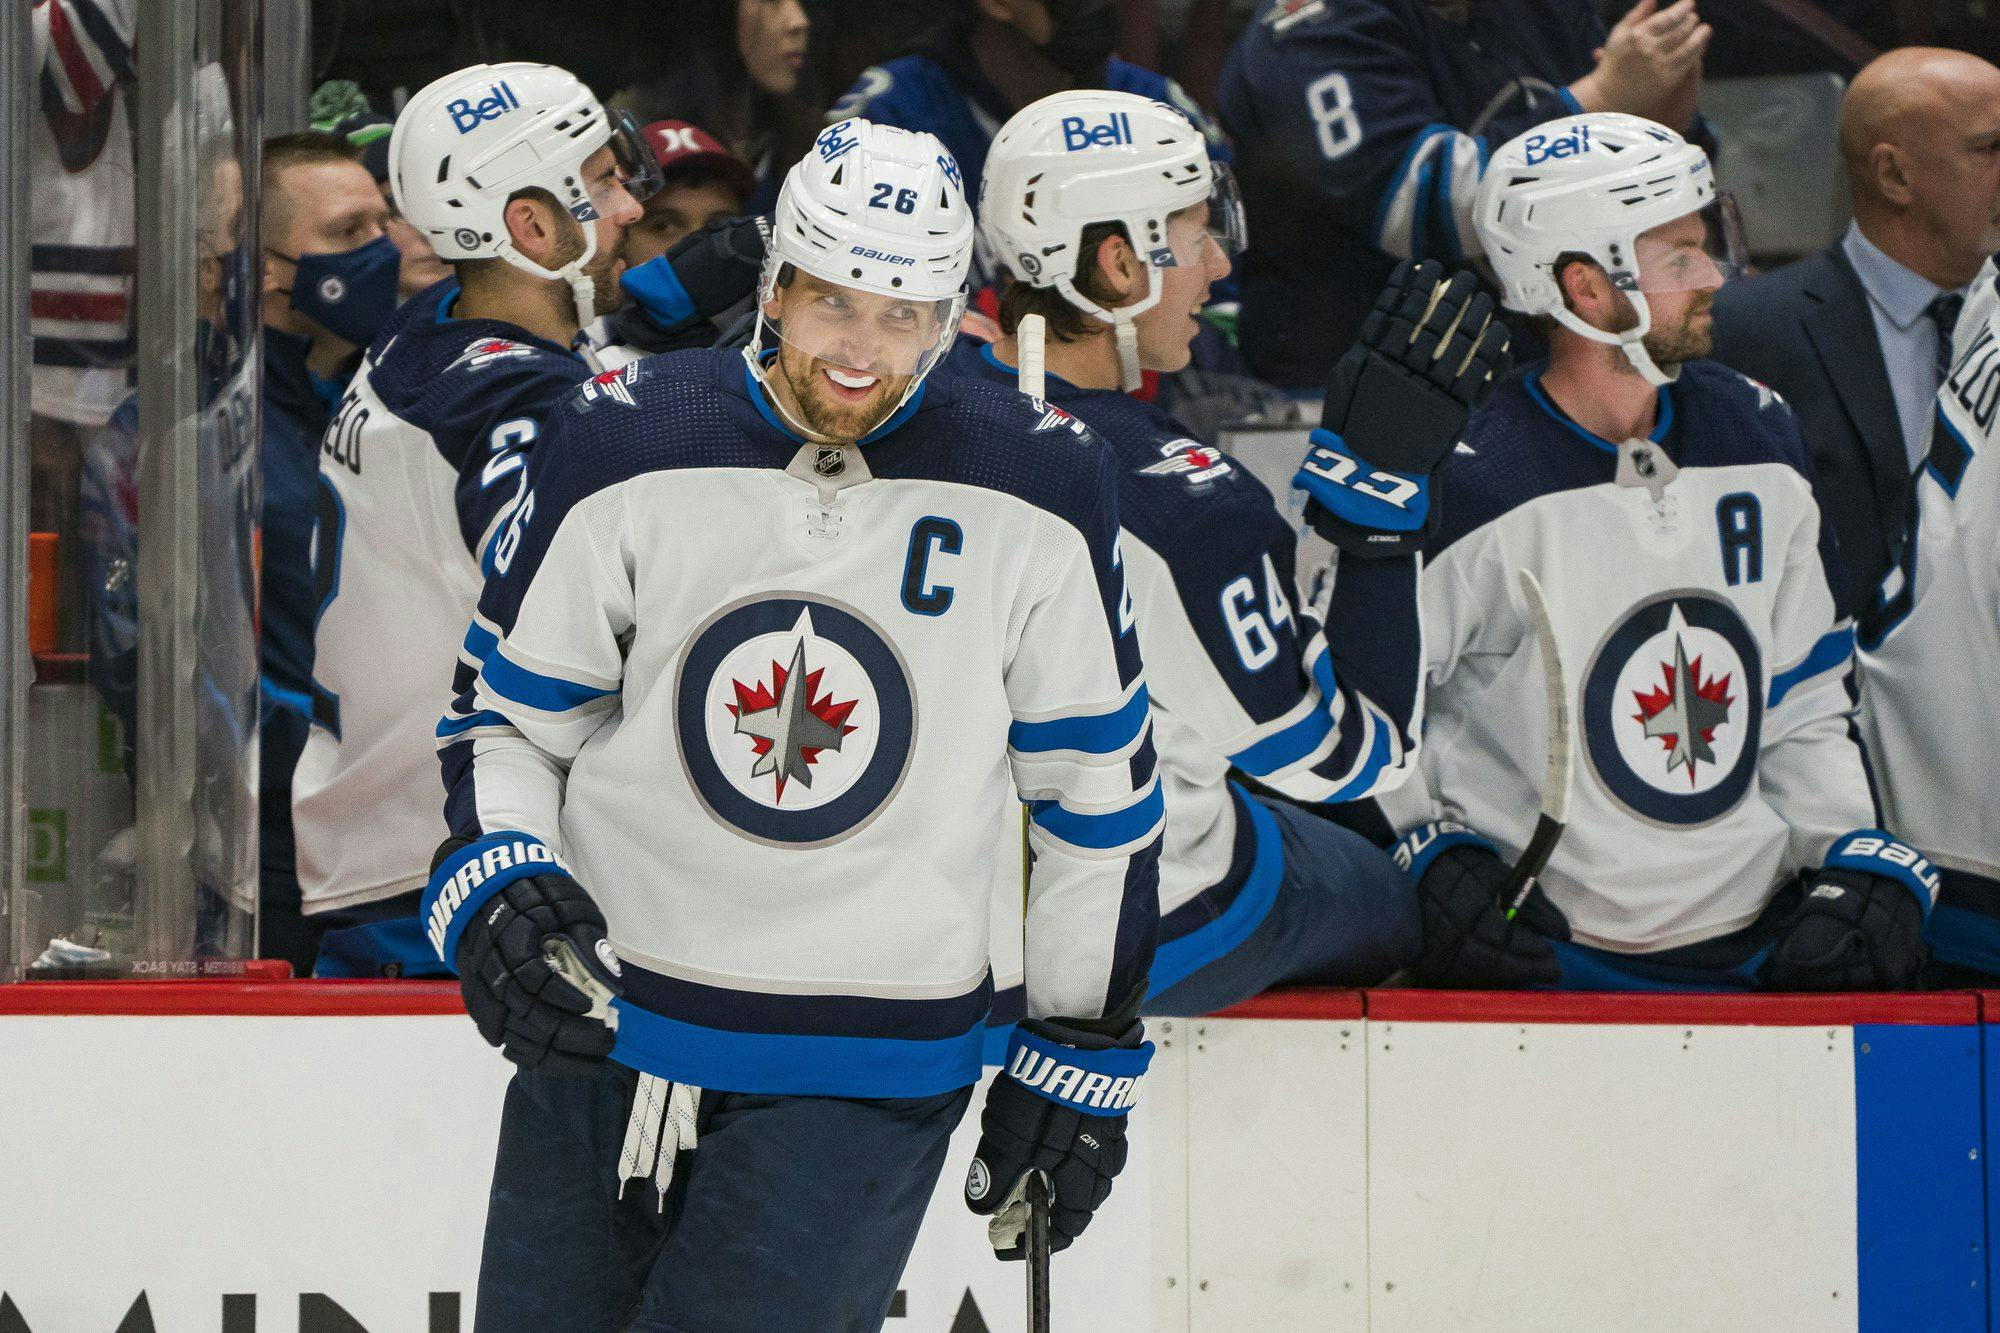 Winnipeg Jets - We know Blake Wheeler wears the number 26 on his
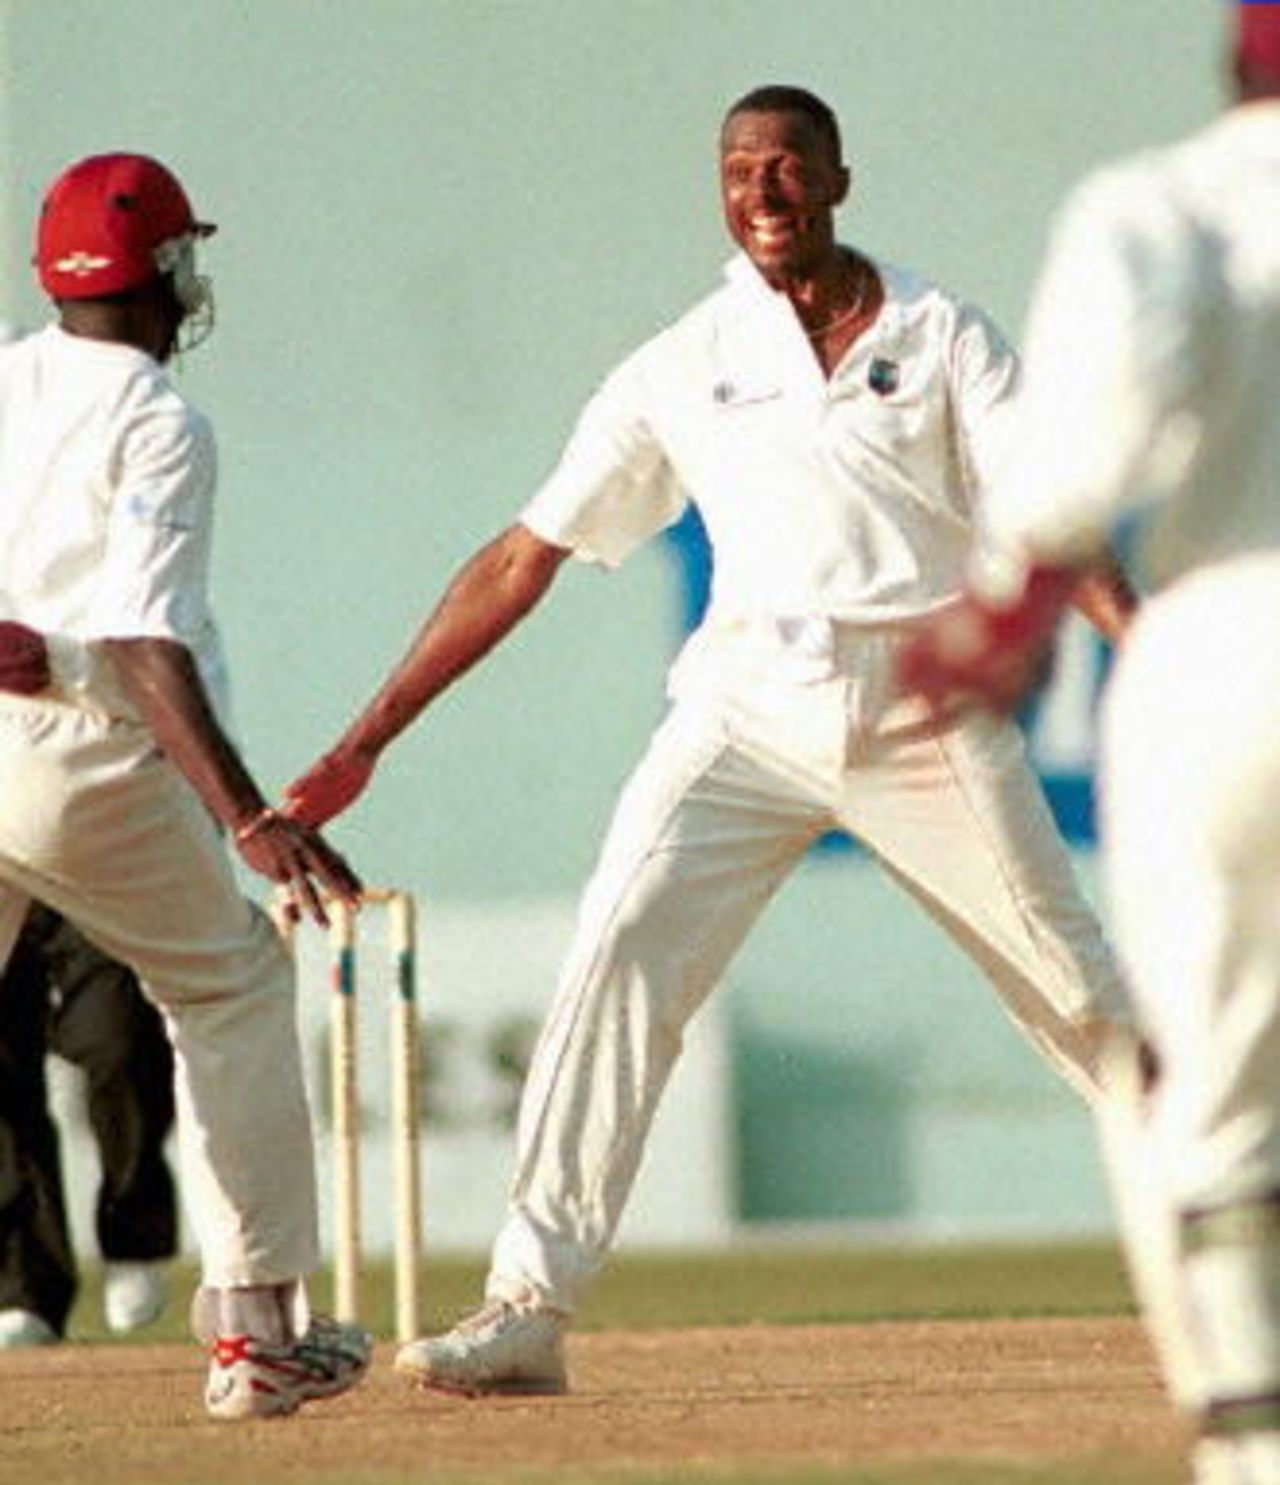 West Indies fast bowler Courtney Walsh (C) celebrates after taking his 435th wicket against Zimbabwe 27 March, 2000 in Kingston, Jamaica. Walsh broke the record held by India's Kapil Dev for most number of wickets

...

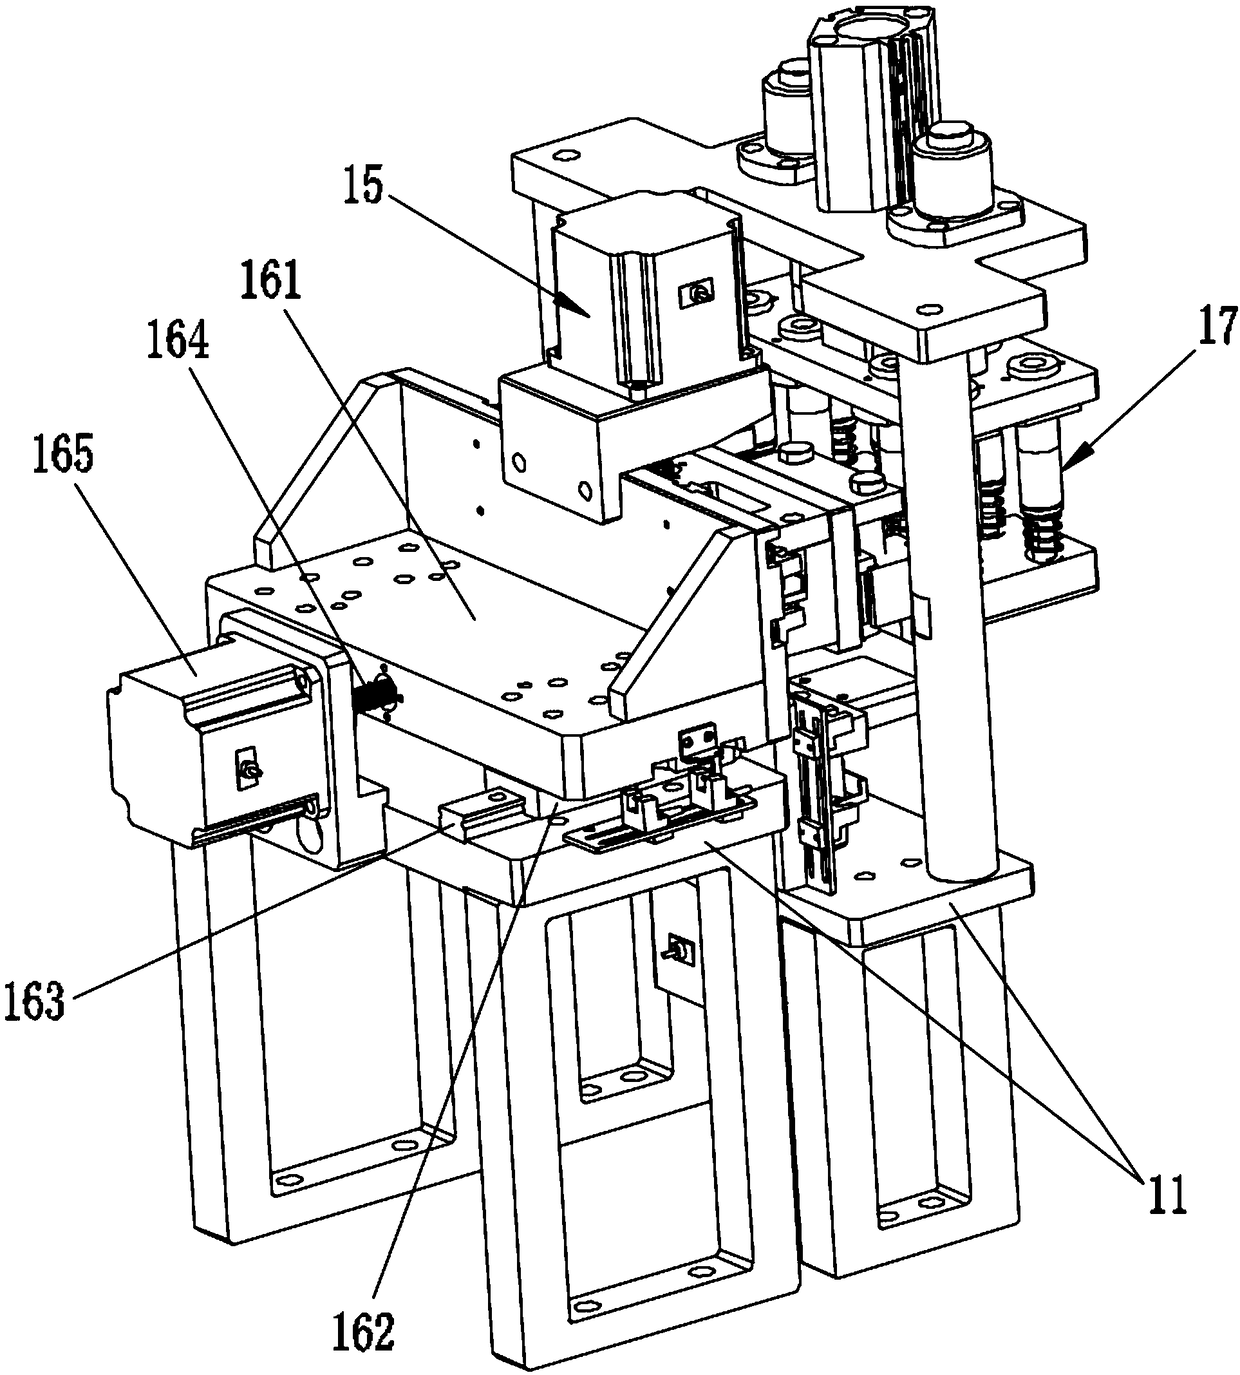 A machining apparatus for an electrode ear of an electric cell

■ **Task prompt**:
Only the lines of the listing above from the one with "Winnipeg Jets - We" through the one with "West Indies fast" should be output, exactly, with both ends kept and pictures left out.

■ **Exercise solution**:
 Winnipeg Jets - We know Blake Wheeler wears the number 26 on his
 West Indies fast bowler Courtney Walsh (C) celebrates after taking his 435th wicket against Zimbabwe 27 March, 2000 in Kingston, Jamaica. Walsh broke the record held by India's Kapil Dev for most number of wickets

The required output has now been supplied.